International Joint Research Center for Persistent Toxic Substances (IJRC-PTS), State Key Laboratory of Urban Water Resource and Environment, Harbin Institute of Technology, Harbin 150090, China; International Joint Research Center for Arctic Environment and Ecosystem (IJRC-AEE), Polar Academy, Harbin Institute of Technology, Harbin 150090, China; Environment and Climate Change Canada, Science and Technology Branch, 867 Lakeshore Road Burlington, ON, L7S1A1, Canada.

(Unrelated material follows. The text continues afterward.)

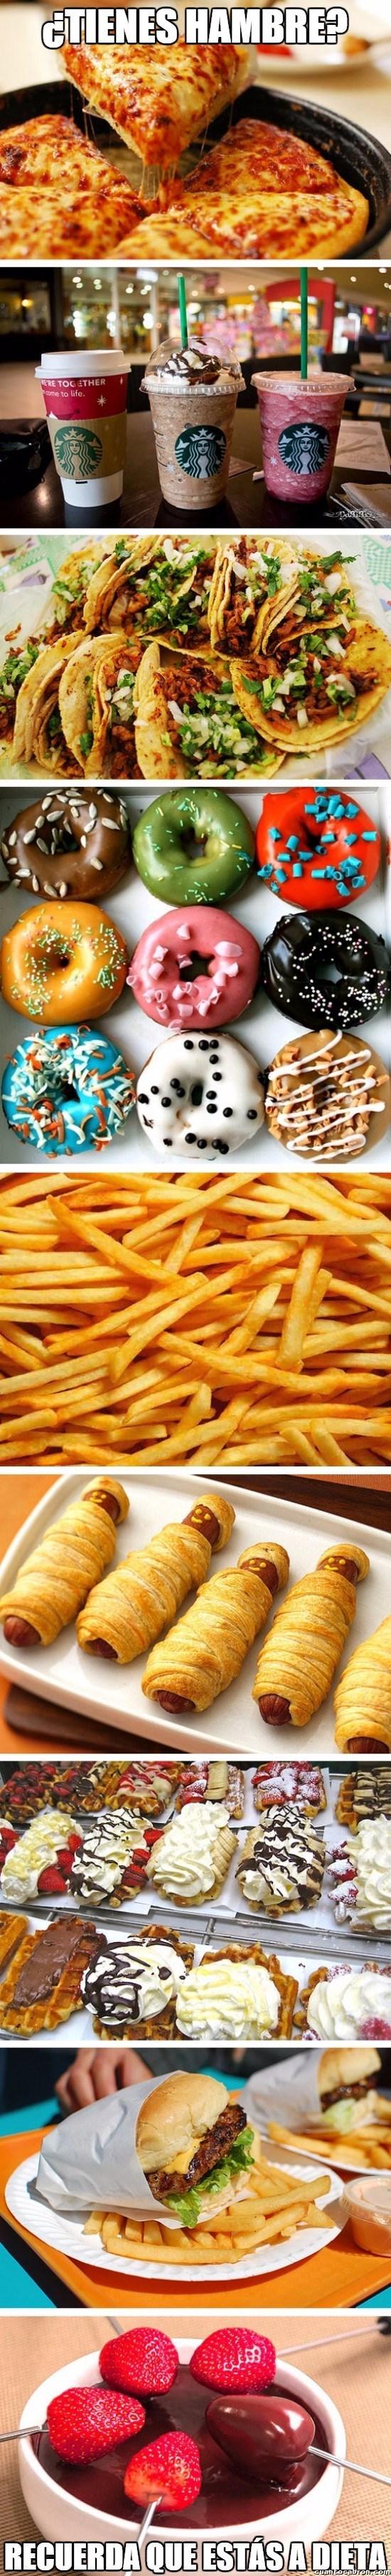 estas a dieta

International Joint Research Center for Persistent Toxic Substances (IJRC-PTS), State Key Laboratory of Urban Water Resource and Environment, Harbin Institute of Technology, Harbin 150090, China; International Joint Research Center for Arctic Environment and Ecosystem (IJRC-AEE), Polar Academy, Harbin Institute of Technology, Harbin 150090, China.

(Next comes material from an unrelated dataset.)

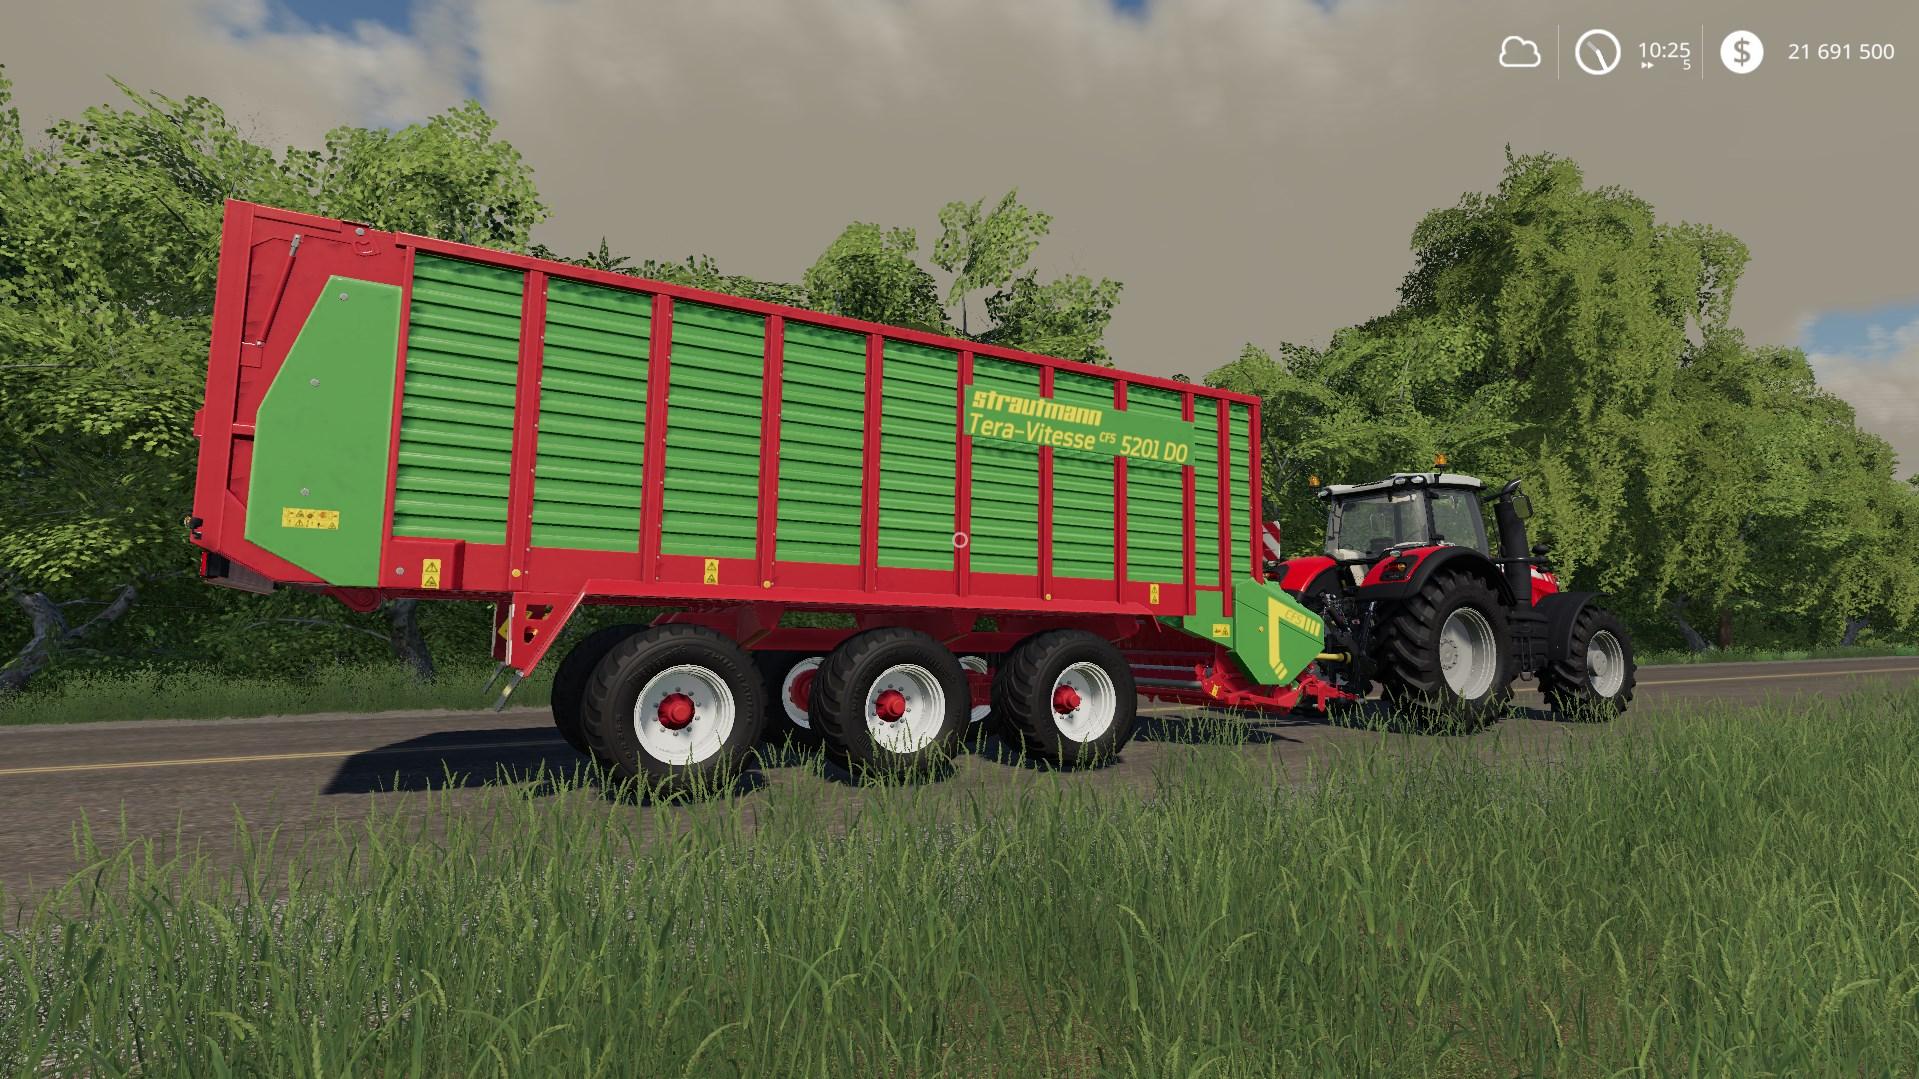 STRAUTMANN TERA-VITESSE CFS 5201 DO V1.0.0.0 для Farming Simulator 2019

Water Res. 2021 Feb 1;189:116602. doi: 10.1016/j.watres.2020.116602. Epub 2020 Nov 3.
Diphenylamine antioxidants (DPAs) are widely used industrial chemicals. Wastewater effluents and biosolids are important pathways for DPAs to enter the environment. Information on the fate of DPAs in wastewater treatment plants (WWTPs) and their environmental releases is limited. In this study, we characterized the occurrence, removal efficiencies, distribution, mass balance, and environmental releases of 17 DPAs in ten Canadian WWTPs and four landfill sites from 2013 to 2015. These WWTPs are different in sizes, and treatment technologies. Median concentrations of ΣDPAs were 78 ng/L in influent, 6.9 ng/L in effluent, 326 ng/L in leachate, and 445 ng/g in biosolids (dry weight), respectively. Diphenylamine (DPA) and ditertoctyl-diphenylamine (DTO-DPA) were the predominant congeners of DPAs in all the matrices. Residues of DPAs were not completely removed during wastewater treatment processes: most DPAs were detected in at least one sample of WWTP effluent with the highest concentration of 117 ng/L (DPA). Overall, high removal efficiencies (median > 90%) of most of the DPAs were observed in the secondary and advanced treatment, as well as in the facultative and aerated lagoons. In contrast, primary treatment exhibited a lower removal efficiency of the DPAs. Mass balance analysis shows that sorption to biosolids is the major removal pathway of DPAs in WWTPs. The results also highlight that environmental releases of DPAs via biosolid applications (70 mg/d/1000 people) can be over several times higher than that via wastewater effluent (2.5-36 mg/d/1000 people).
二苯胺类抗氧化剂(DPAs)是广泛应用的工业化学品。废水和生物固体是 DPAs 进入环境的重要途径。有关 DPAs 在废水处理厂(WWTP)中的命运及其环境释放的信息有限。在这项研究中,我们从 2013 年到 2015 年,在加拿大的 10 个 WWTP 和 4 个垃圾填埋场中,对 17 种 DPAs 的出现、去除效率、分布、质量平衡和环境释放进行了特征描述。这些 WWTP 在规模和处理技术上有所不同。ΣDPAs 的中值浓度分别为进水 78ng/L、出水 6.9ng/L、渗滤液 326ng/L 和生物固体(干重)445ng/g。在所有基质中,二苯胺(DPA)和二特丁基二苯胺(DTO-DPA)都是 DPAs 的主要同系物。DPAs 在废水处理过程中没有被完全去除:大多数 DPAs 在至少一个 WWTP 出水样本中被检出,最高浓度为 117ng/L(DPA)。总体而言,在二级和高级处理以及兼性和充气塘中,大多数 DPAs 的去除效率较高(中位数>90%)。相比之下,初级处理对 DPAs 的去除效率较低。质量平衡分析表明,吸附到生物固体是 WWTP 中 DPAs 的主要去除途径。研究结果还表明,通过生物固体应用(70mg/d/1000 人)释放的 DPAs 的环境释放量可能是通过废水排放(2.5-36mg/d/1000 人)的数倍以上。